= Brown Berets (Austin) =

The Brown Berets was a Chicano/Mexican-American community-based organization in Austin, Texas founded during the Chicano Civil Rights Movement, modeled after the Brown Berets. As of 2025, the Austin Chapter of the Brown Berets are currently active once more, engaging in social activism, community drives, volunteering, and education. Recent activities include free Bike-Drives for youth at Montopolis, Pan-Am Park, and at the Virginia L. Brown Recreation Center in Austin, Texas.

== Background ==
Founded in 1972, the Brown Berets Chapter of Austin focused on issues similar to the original chapter of Los Angeles that plagued the Chicano community. A quote from Gilberto Rivera, a prominent East Austin activist states, "the formation was due to a ‘call’ from the community & out of their own direct experiences of police violence which followed a persistent pattern in Austin & nearby communities". In addition, the Brown Berets "formulated the ‘Brown Beret Manifesto’ which sought short & long-term goals on community matters like: police oppression, economics, immigration, education, housing, prison reform, medicine, communication (news/media channels)".

The Austin Brown Beret chapter was considered a grassroots organization with the intentions of protecting youth and the rights of citizens. During its active years it worked closely with other grassroots organization and other local chapters when necessary. The chapter ultimately dissolved in 1983. Despite this, the legacy it left continued through the efforts of several other organizations such as PODER, CAMILA – Chicanos Against Military Intervention in Latin America, League of United Chicano Artists (LUChA), Youth Advocacy (formally known as CARNALES Inc.), and East Austin Economic Development Corporation. The group has become active once more, beginning in 2021 with a new generation of Berets.

== Activism ==

===Santos Rodriguez Case===
On July 24, 1973, in Dallas, Texas, a 12-year-old boy was killed while in the custody of a police officer who interrogated him over a soda machine burglary investigation. The news ensued violent protests in the city, drawing crowds of enraged citizens and Brown Berets from local Texas chapters. The event sparked demands of civil rights and police reform, uniting the Mexican-American communities in Texas cities over such issues. Furthermore, the Austin Brown Berets were noted in supporting the Dallas chapter during the protests.

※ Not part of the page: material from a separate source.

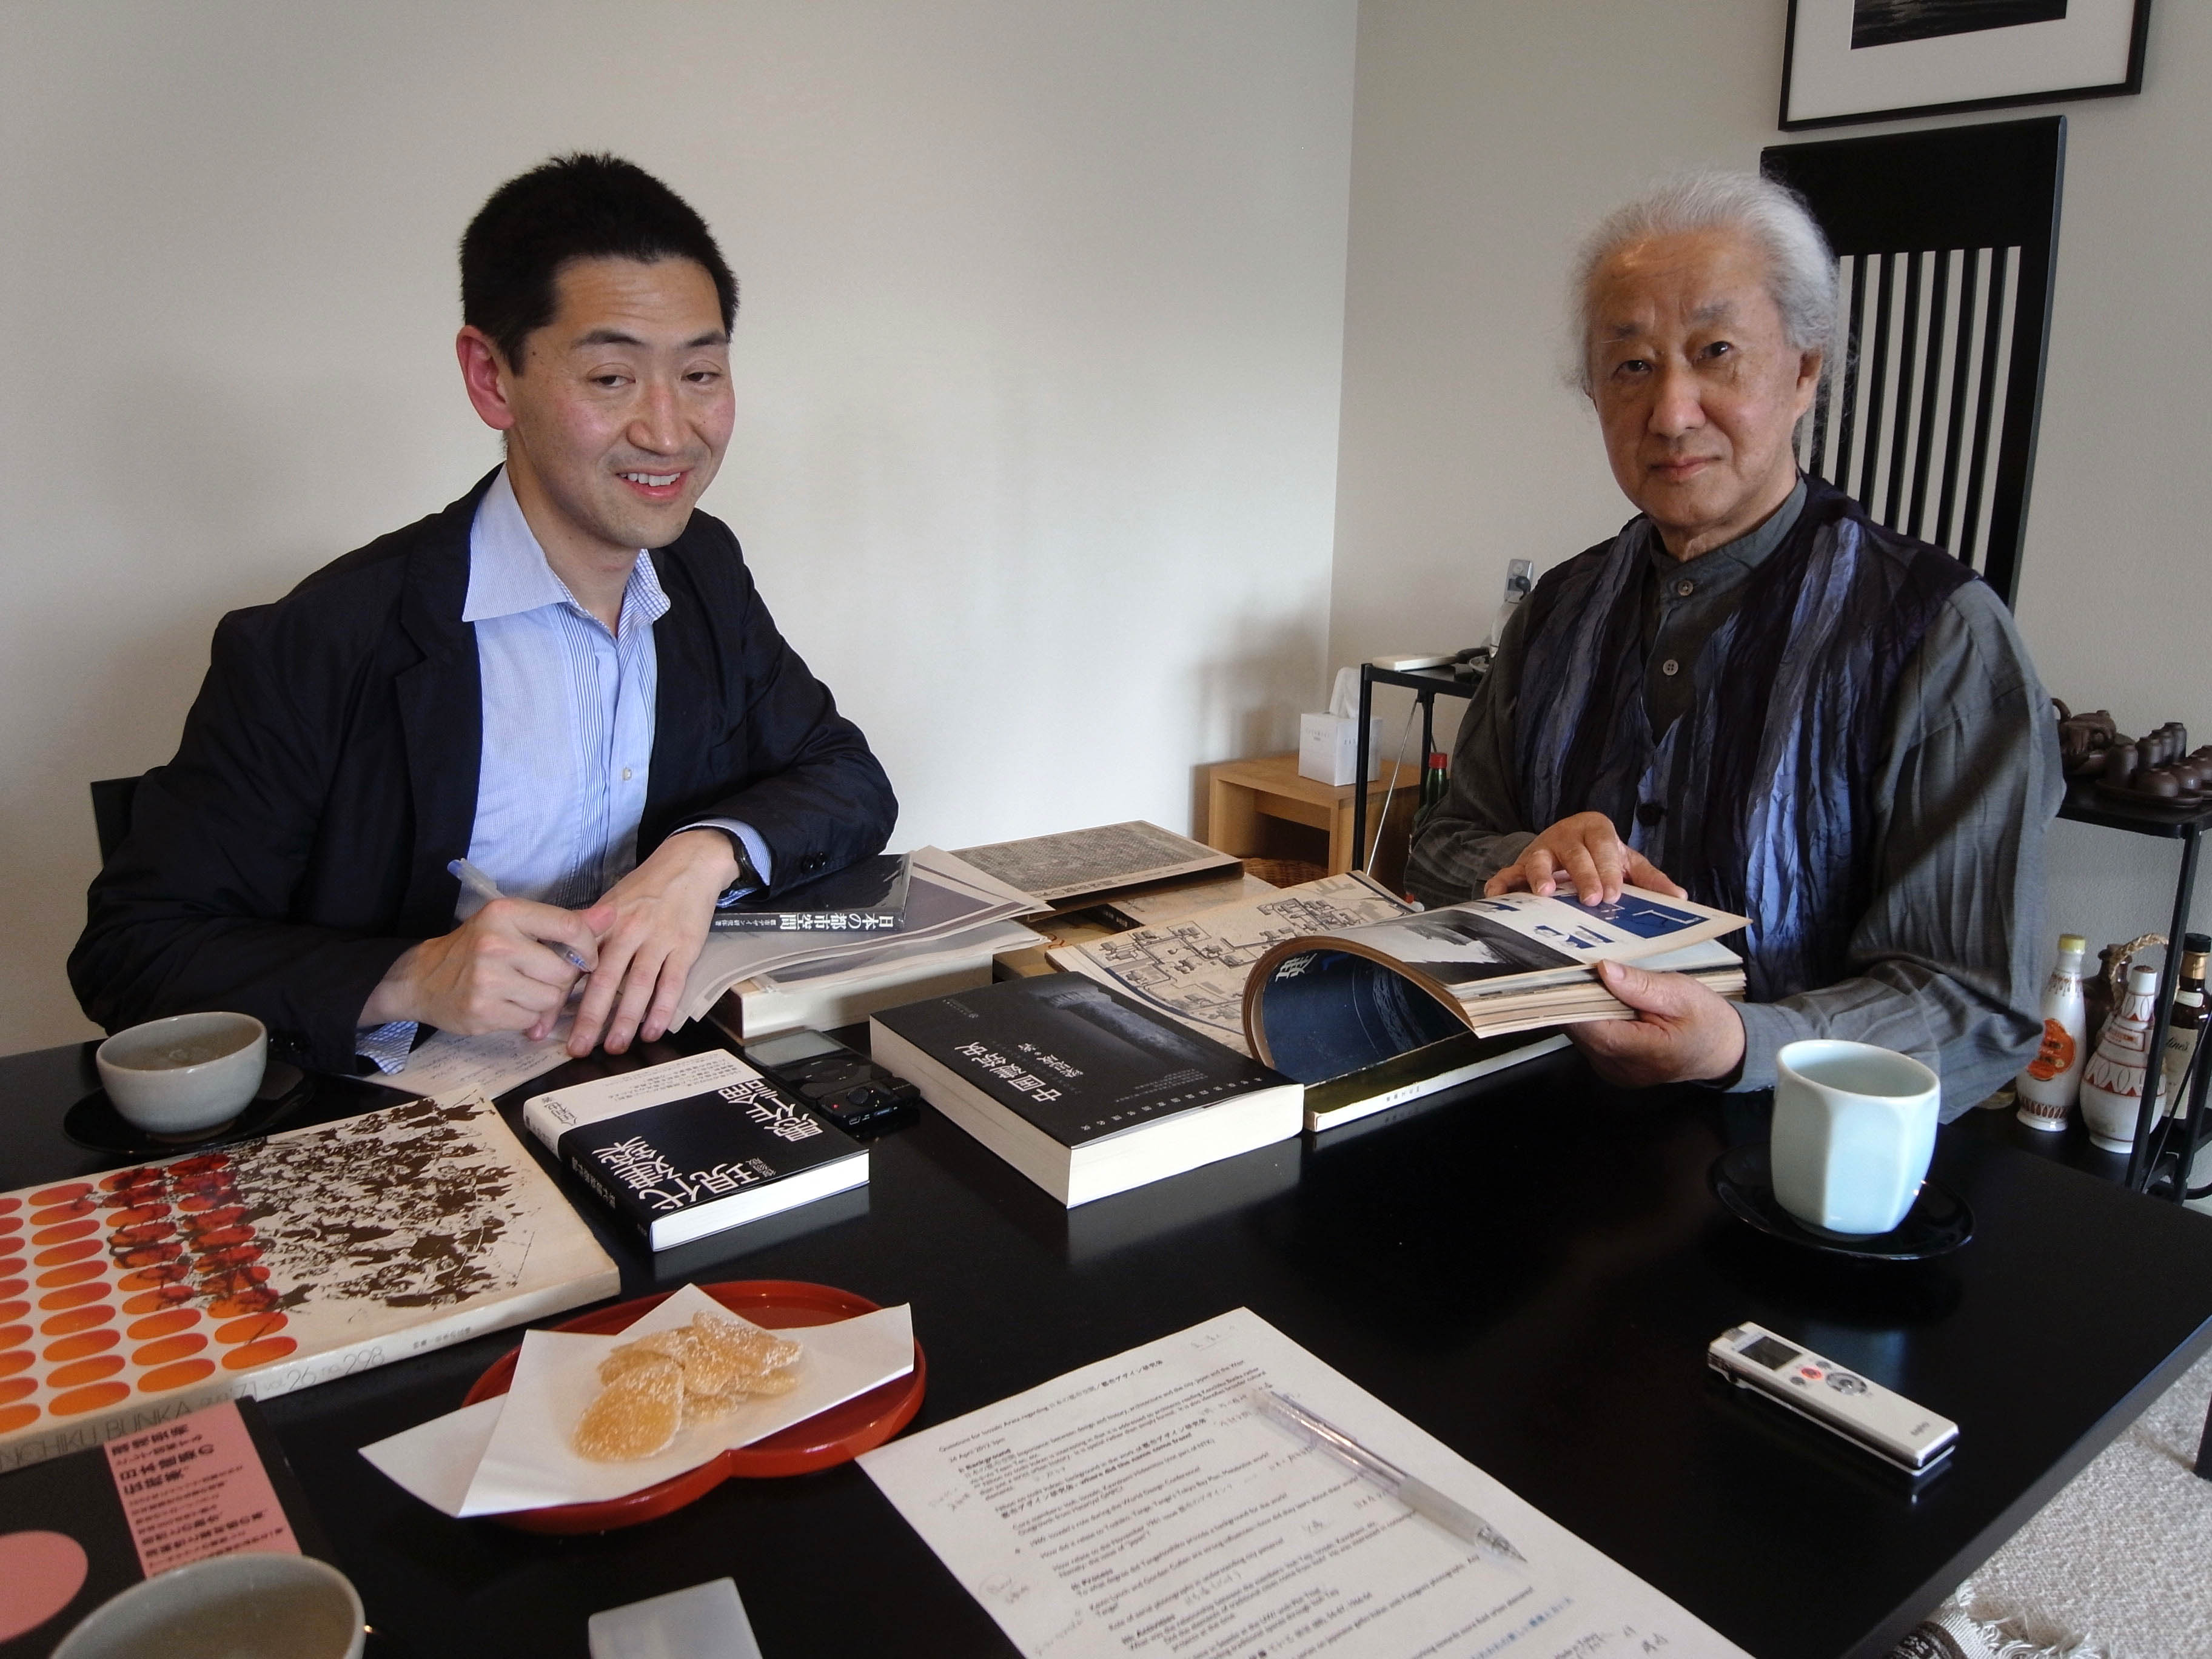 Ken Oshima with Arata Isozaki

This incident is a reflection of the struggles that Chicanos faced within the American political system and when dealing with law enforcements .

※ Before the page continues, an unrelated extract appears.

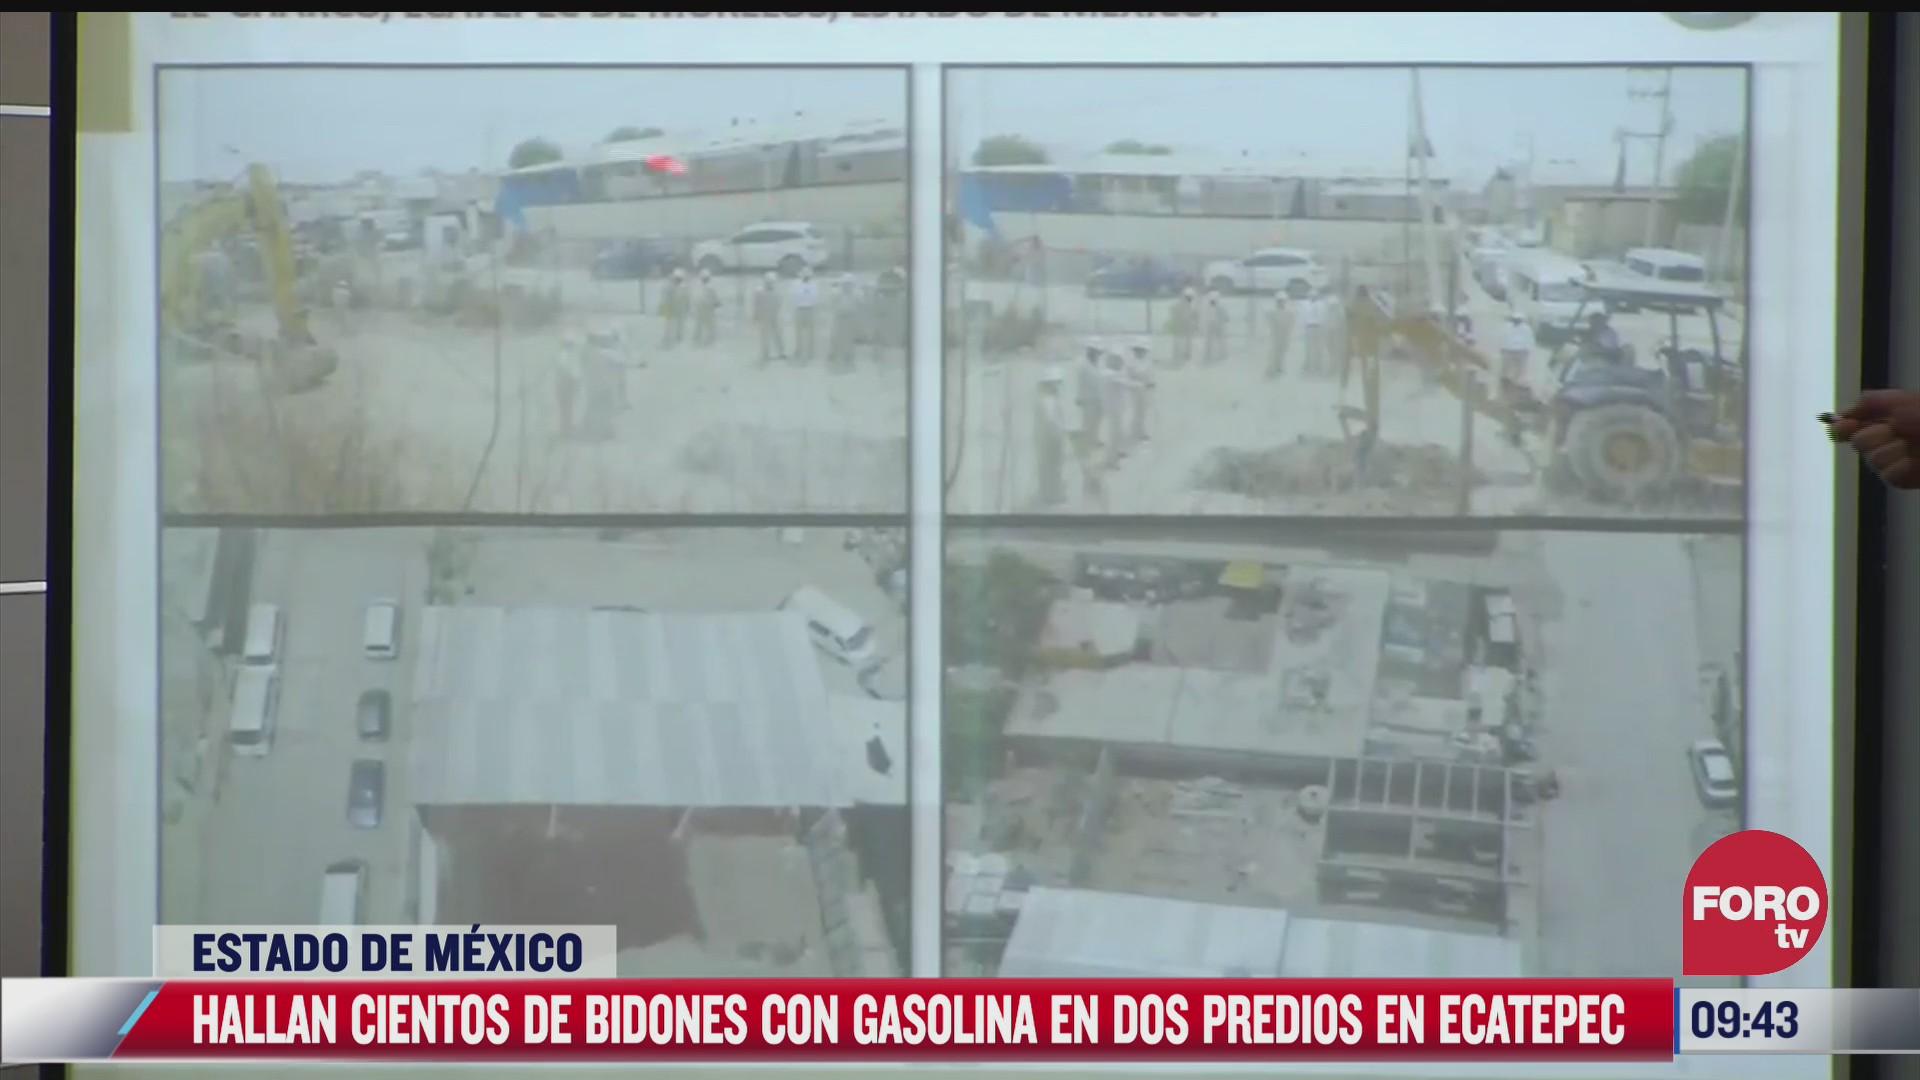 hallan toman clandestina en ecatepec estado de mexico

=== Aqua Fest Boat Fest ===
Beginning in 1963, the Austin Aqua Festival began hosting boat drag racing on Lady Bird Lake (formerly Town Lake) with festival goers occupying Festival Beach. However, the trash and noise produced by the attendees upset the inhabitants of the surrounding neighborhoods, which were predominantly Mexican-American. With their complaints being ignored by the city, protests were led and organized by the Brown Berets and their leader and Chicano political activist, Paul Hernandez. Other groups participated, including El Centro Chicano and the East Town Lake Citizens. The 1978 April protest resulted in charges of police brutality, but it was the last year the boat races were held.

An interview with East Austin resident, Pete Martinez, revealed that the boat races caused parking problems, issues with attendees stepping on residents' lawns, difficulty getting in and out of streets because of traffic, and noise pollution. Furthermore, Paul Hernandez explained that the underlying issues of the boat races were the degradation property value and forcing out of people. He goes on to assert that these activities block neighborhood efforts of revitalization, and instead help developers in deteriorating the residential area to redevelop it as a commercial area. In these comments, Hernandez touches on the concept of "land grabbing" or gentrification, which has been and still is an issue that East Austin faces.